Messungen des isländischen Meteorologischen Amtes zeigen, dass es im Svartsengis-Gebiet und rund um den Magmatunnel keine Landris gibt. Von einem Stillstand von Landris kann jedoch erst dann gesprochen werden, wenn Messungen über einen längeren Zeitraum durchgeführt wurden.
„Die Bewegungen sind so gering, dass zwischen den Tagen keine signifikanten Veränderungen erkennbar sind. Es dauert daher einige Tage bis eine Woche, um festzustellen, ob Landris in Svartsengi noch aktiv ist. Es ist jedoch sofort klar, dass Magma, das sich zuvor unter Svartsengi angesammelt und einen Landriesen verursacht hat, jetzt größtenteils direkt an die Oberfläche fließt und den Ausbruch nährt“, heißt es auf der Website des Met Office.

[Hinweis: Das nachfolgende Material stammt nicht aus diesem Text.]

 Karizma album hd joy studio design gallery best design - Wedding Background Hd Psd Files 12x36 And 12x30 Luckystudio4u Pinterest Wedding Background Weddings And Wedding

Salóme Jórunn Bernhardðsdóttir ist Naturgefahrenexpertin beim isländischen Wetteramt.
mbl.is/Sigurður Bogi
Positiv, Weitsicht zu haben
Laut Salóme Jórunnar Bernhardsdóttur, Expertin für Naturtourismus beim isländischen Wetteramt, verläuft der Lavastrom südöstlich in Richtung Suðurstrandarveði, aber auch westlich in Richtung der Verteidigungsanlagen nördlich von Grindavík.

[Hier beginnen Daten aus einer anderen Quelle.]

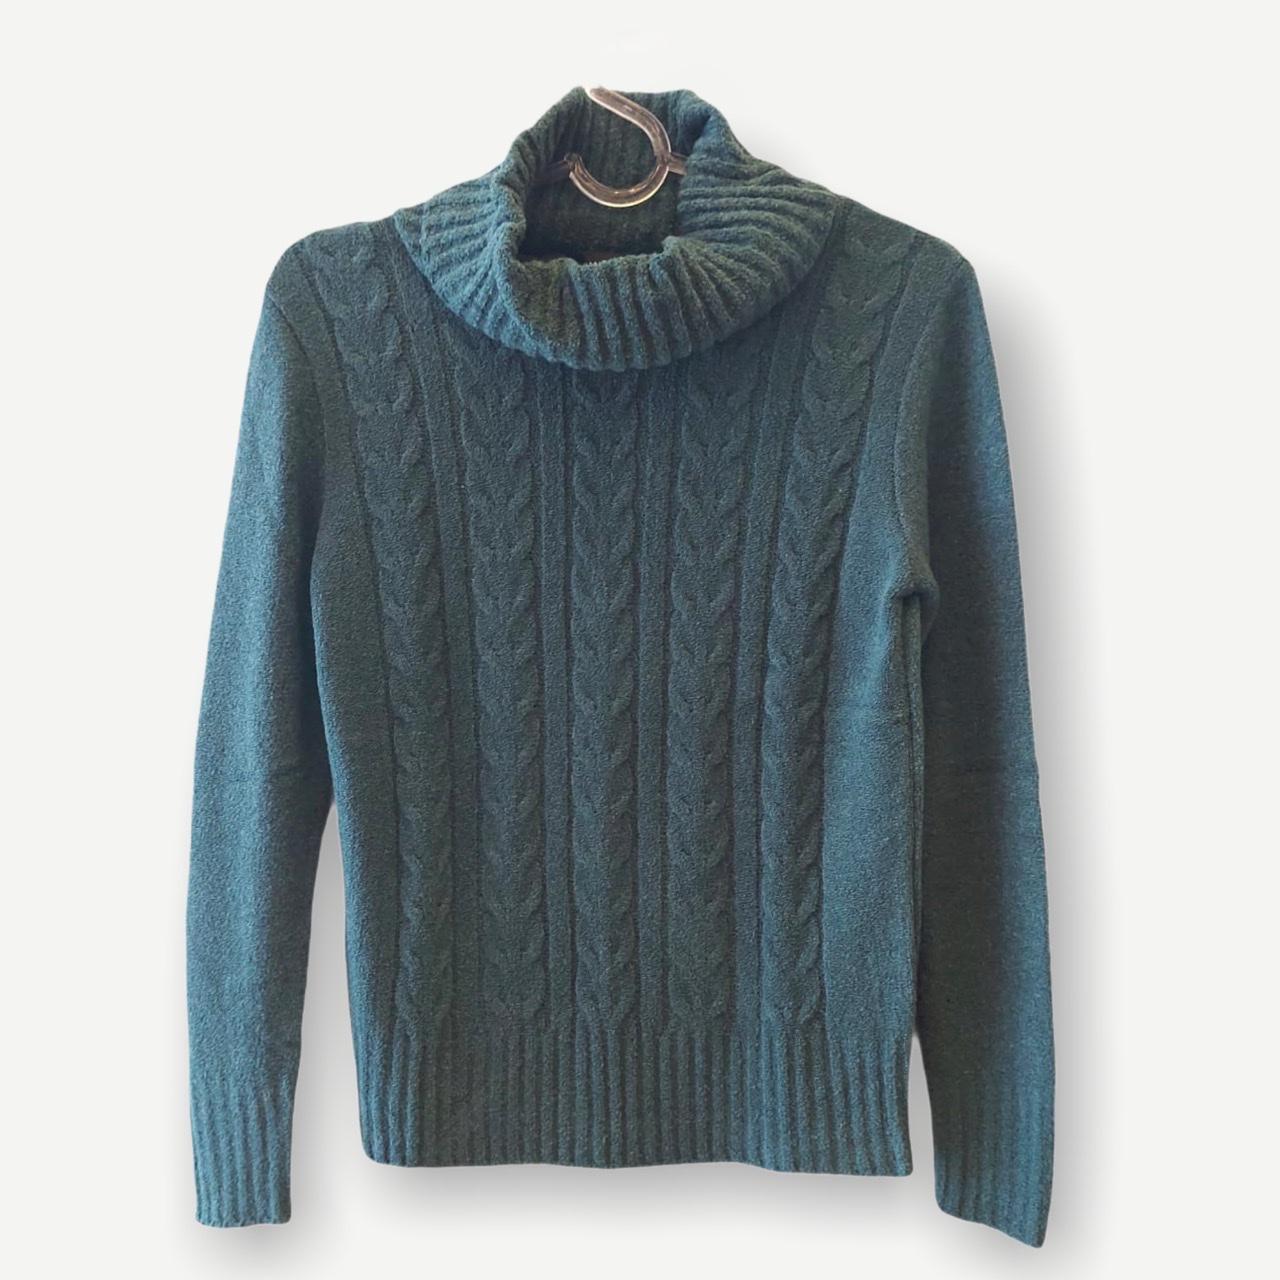 Blusa Rebeca verde tricot  - Vivian Bógus

„Die Tatsache, dass Landris nicht gemessen wird, deutet darauf hin, dass das Material, das aufsteigt und sich in Svartsengi angesammelt hat, die Eruption speist und sich unter Svartsengi kein weiteres Material ansammelt.“ Das ist vielleicht insofern positiv, als wir in der Zwischenzeit nicht mit einem weiteren Magma-Anstieg rechnen können. Die Lava sammelt sich rund um die Krater und die Lavahaufen beginnen sich in Richtung der Stadtmauern zu bewegen. Es könnte passieren, dass die Lava über sie hinwegfließt und in Richtung Grindavíkurveg auf der Südseite von Þorbjörn oder Suðurstrandarveg fließt. Aber während des Ausbruchs ist die Vorhersagbarkeit größer“, sagt Salóme.
Der Lavastrom verläuft nach Südosten in Richtung der Südküstenstraße, aber auch nach Westen in Richtung der Verteidigungsanlagen nördlich von Grindavík.